Though only a decision of the Prothonotary, patent and trademark agents should be aware of the decision and govern themselves accordingly. 

Licensees should always keep in mind that their obligations to their clients regarding all information is governed by the Code of Professional Conduct provision on Confidentiality: 

  1. An agent must hold in strict confidence all information concerning the business and affairs of the client acquired in the course of the professional relationship and must not disclose such information unless the disclosure is expressly or impliedly authorized by the client, required by law or by order of a court or otherwise permitted or required by this Code. 

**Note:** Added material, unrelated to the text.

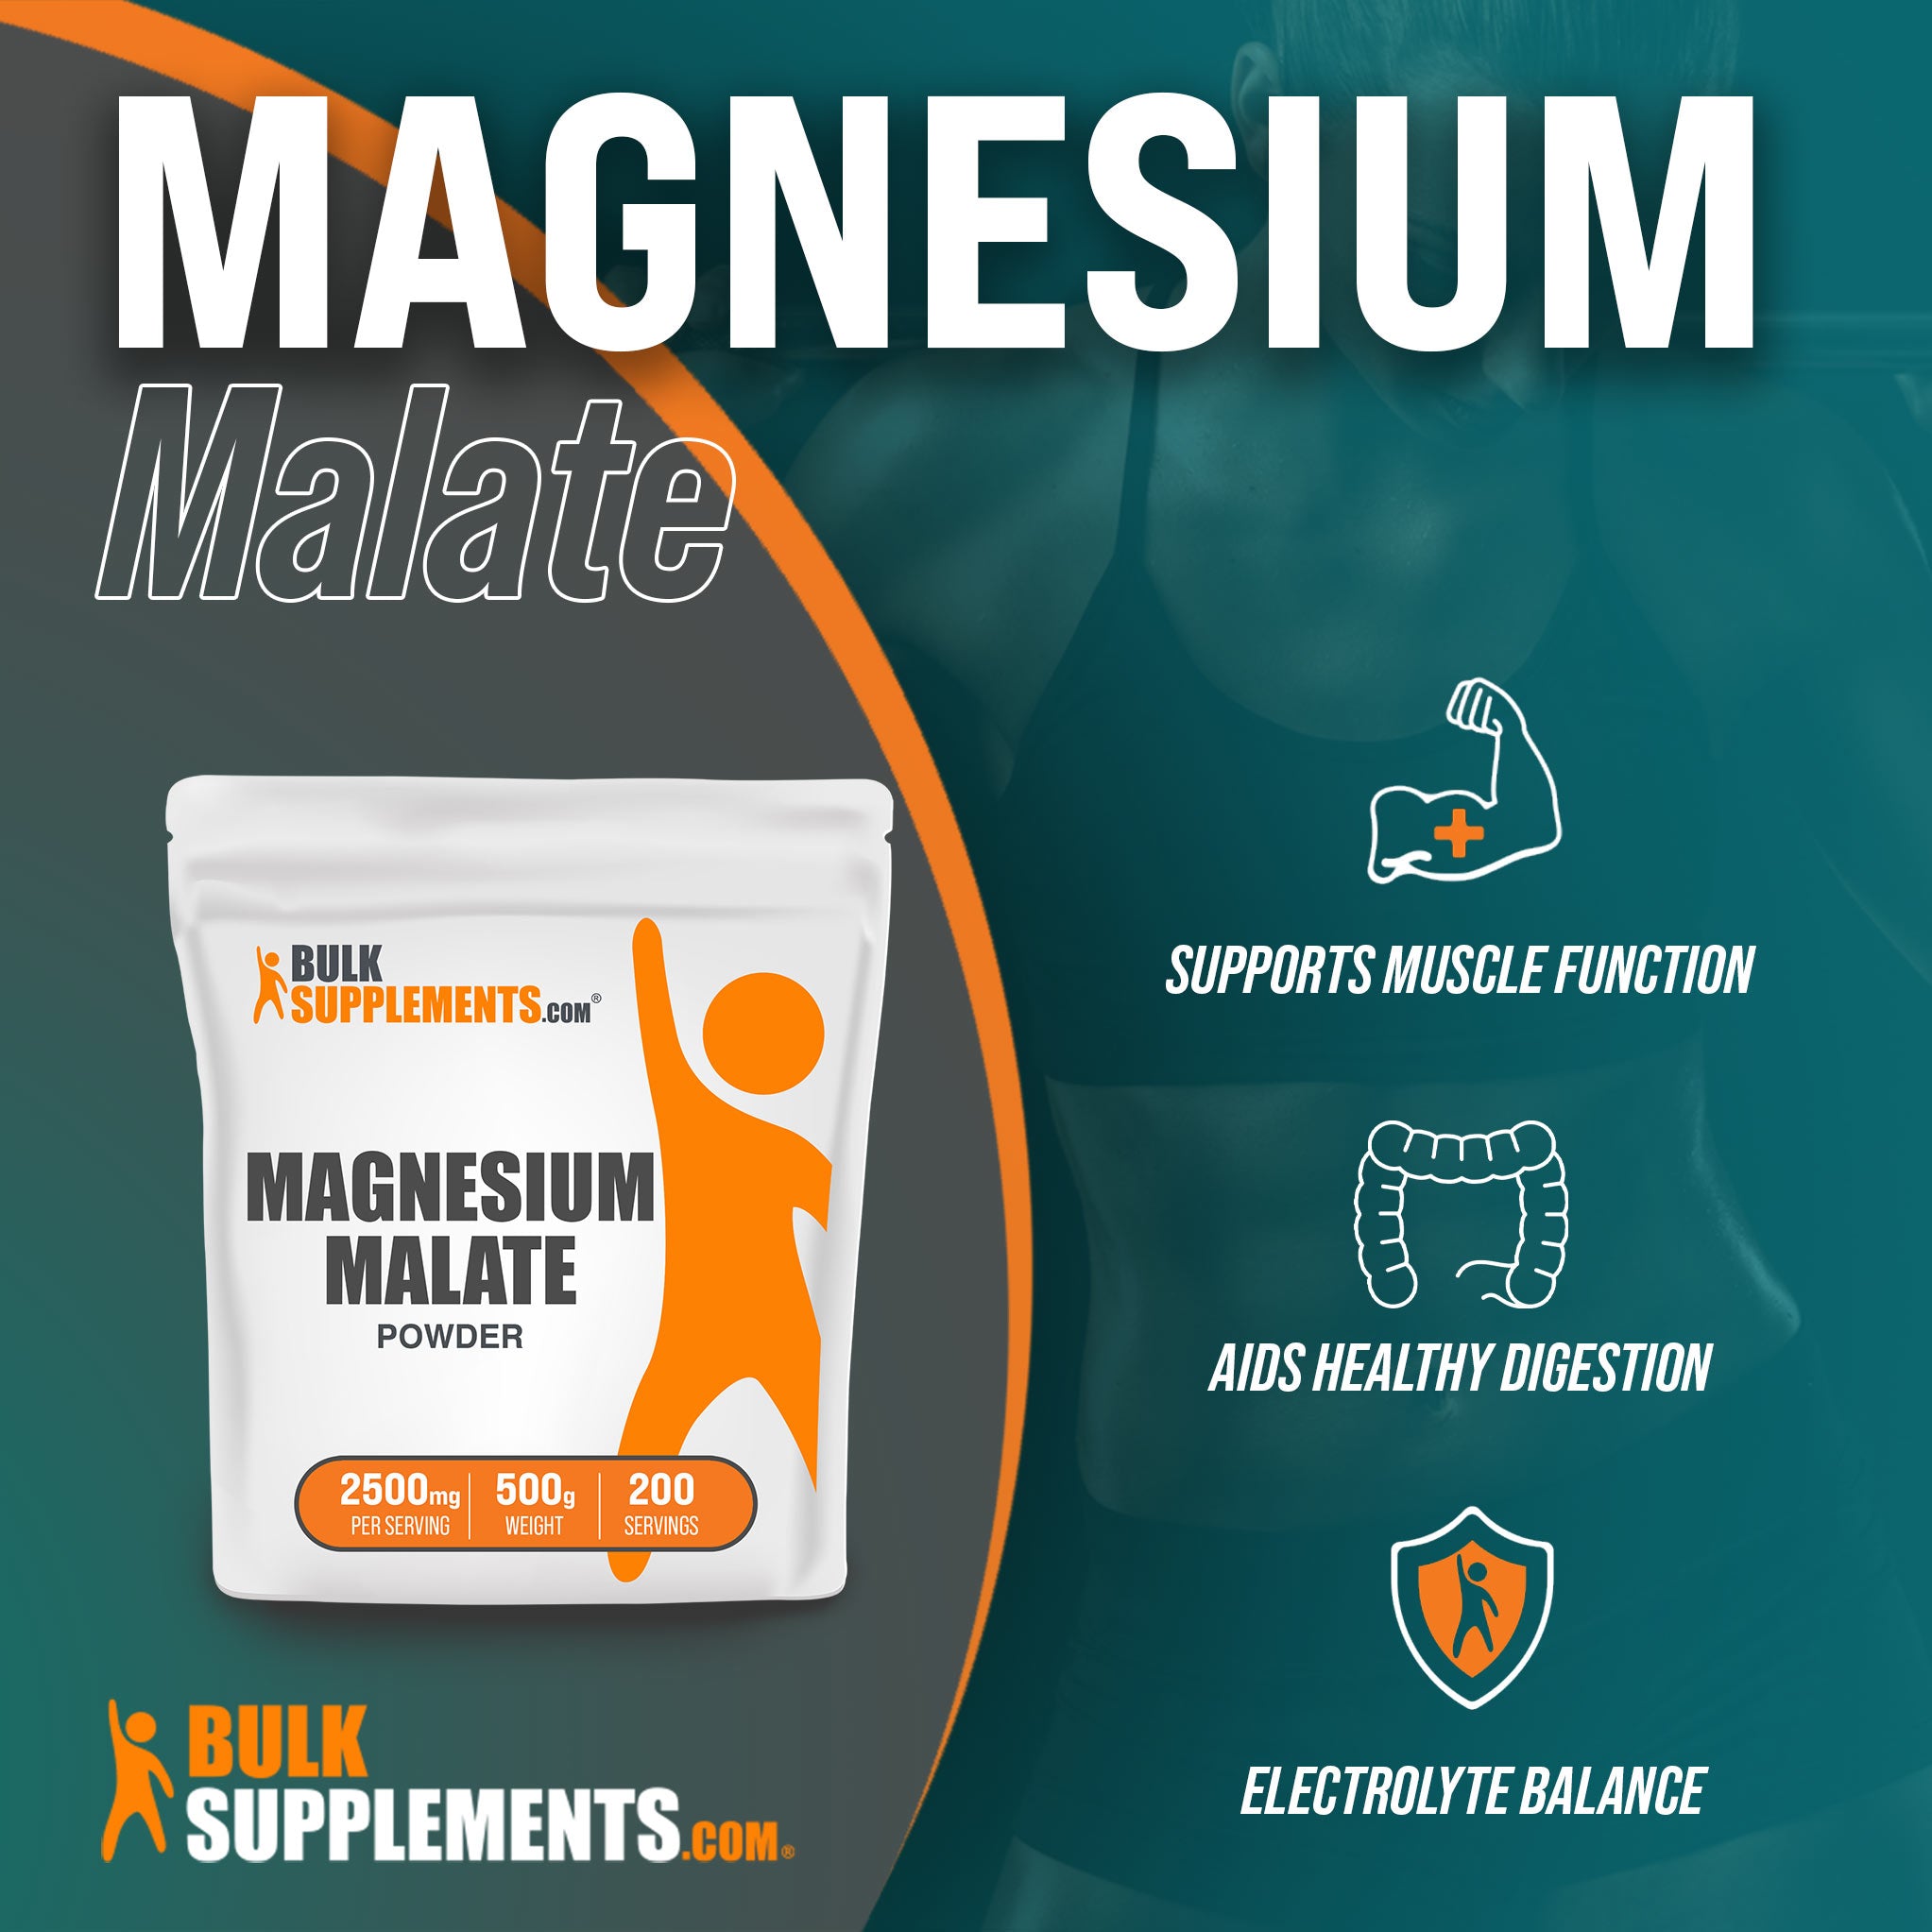 Magnesium Malate Powder Benefits from Bulk Supplements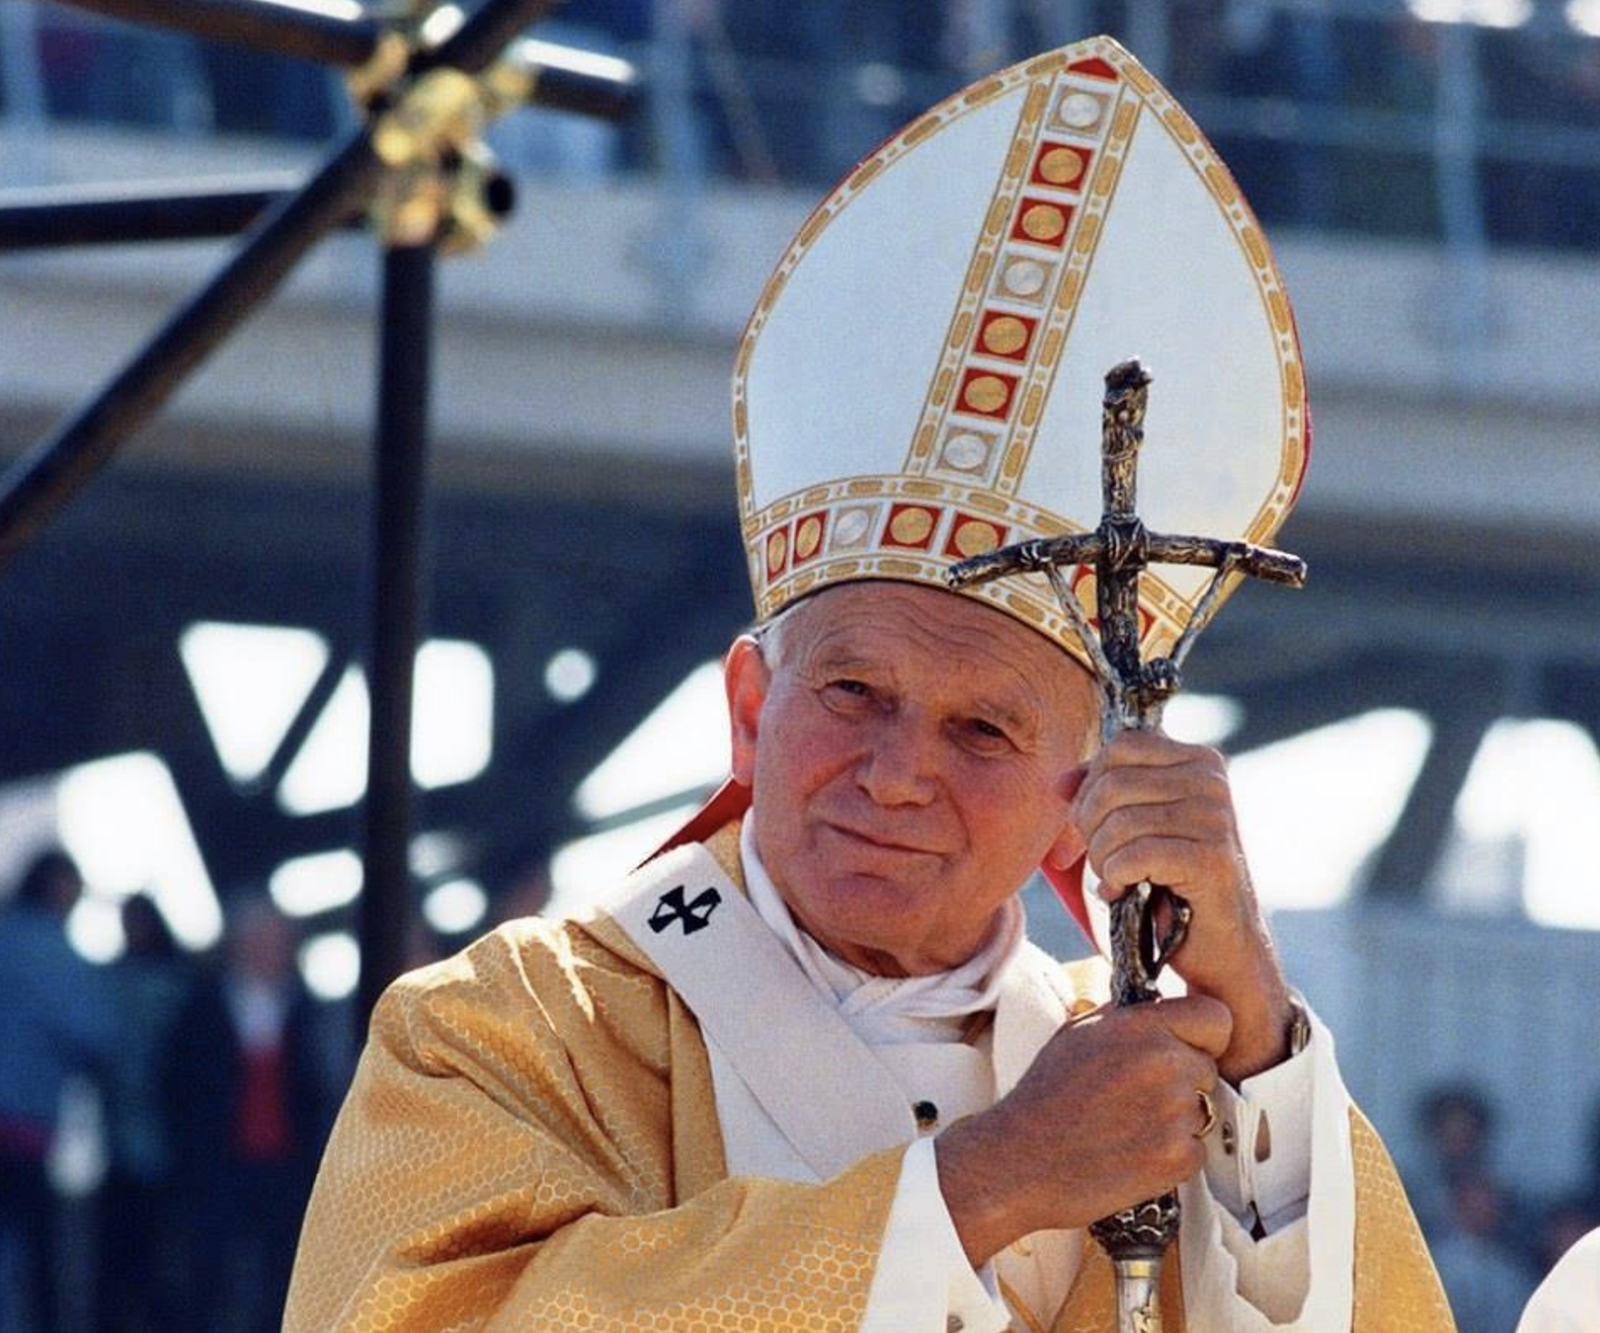 Witness To Hope: The Biography of Pope John Paul II

In response to Janssen, some would say assessment of infringement (as well as patent validity) must be a matter relating to protection of an invention, and therefore the decision is incorrect. Others would say clients do not wish for an infringement analysis to be undertaken; so, this is not an intrinsic part of protection and on the facts, the decision is correct. 

Not until this issue is reviewed by the Court at a higher level will these issues get fully addressed. 

In the meantime, the decision appears to create some unfortunate distinctions between agents who are lawyers and those who are not. Clients of the former have the benefit of lawyer-client privilege, which is broader than the scope afforded agent-client privilege in this decision. Non-lawyer agents must consider this when engaging with clients in matters that are beyond the scope of ‘any matter relating to the protection of an invention’. If their advice or communication falls outside the analysis in this decision, they may have to advise clients there may not be privilege associated with the communications and give the client an option to involve a lawyer in the advice-giving process to ensure the communications are fully protected.